Proving if $U$ is $T$-invariant if and only if $U$ is $S$-invariant

Question

Not very familiar with this section.
Given that $T$ is a linear map on a finite-dimensional vector space $V$, and $S = T - \lambda I$, prove that
a subspace $U$ of $V$ is invariant under $S$ if and only if it is invarian under $T$.

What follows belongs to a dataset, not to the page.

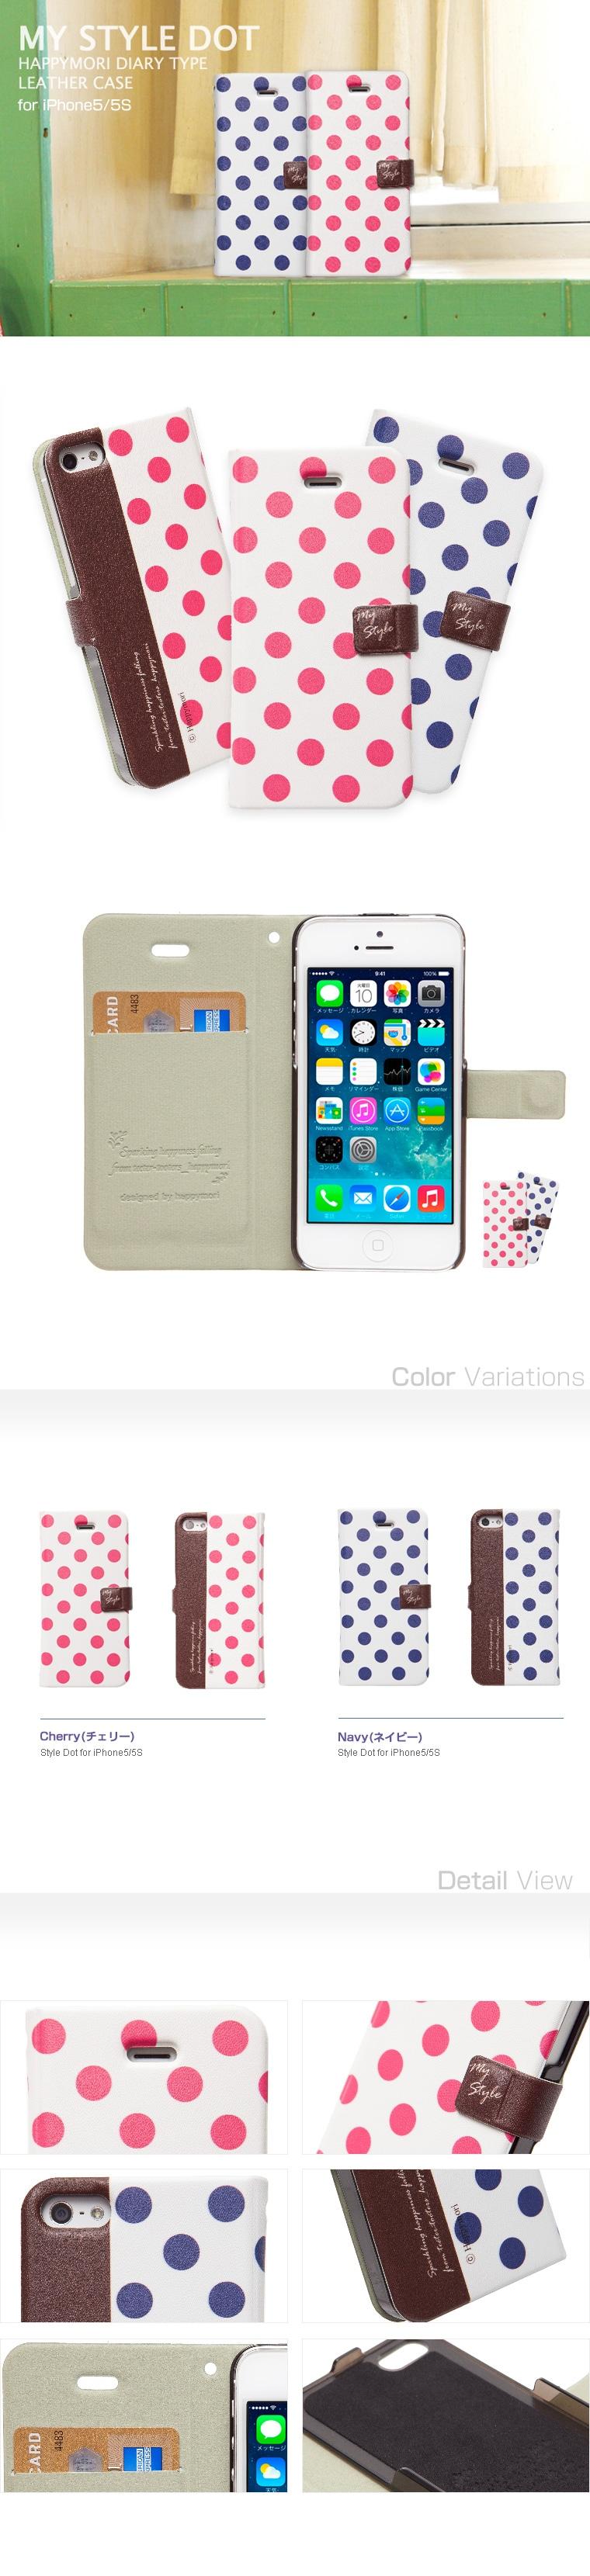 Happymori iPhone5S/5 Style Dot Diary (スタイルドット ダイアリー)

This is what I did (very little).
Assume $U$ is $T$-invariant. Then we have $T(U) \subseteq U$.
Let $x \in T(U)$ \implies $x \in U$.
Now using the given definition, $x \in T(U) \implies x \in (S+\lambda I)(U)$.
So
$x \in S(U) + \lambda I(U) \subseteq U$... and I don't know how to go on from here.

Answer 1

Let $x\in U$. We have

$$S(x)\in U\iff T(x)-\lambda x=y\in U\iff T(x)=y+\lambda x\in U$$ so $U$ is $S$-invariant iff $U$ is $T$-invariant.

Answer 2

On the other hand, $S(U)\subset U$ implies that $x\in U$ implies $S(x)=T(x)+\lambda x\in U$, this implies that $T(x)=S(x)-\lambda x\in U$ since $U$ is a vector subspace and $S(x),\lambda x\in U$.

Answer 3

Let $U$ be $T$-invariant. Let $x \in U$. Then $Tx \in U$ since $U$ is $T$-invariant. Also, $-\lambda x \in U$ since U is a linear space. Hence, $Sx= (T-\lambda I)x = Tx + (-\lambda)x \in U$ (again, since $U$ is a linear subspace).

For the other direction, consider $\mu = - \lambda$ and apply the same argument for $T= S - \mu I$.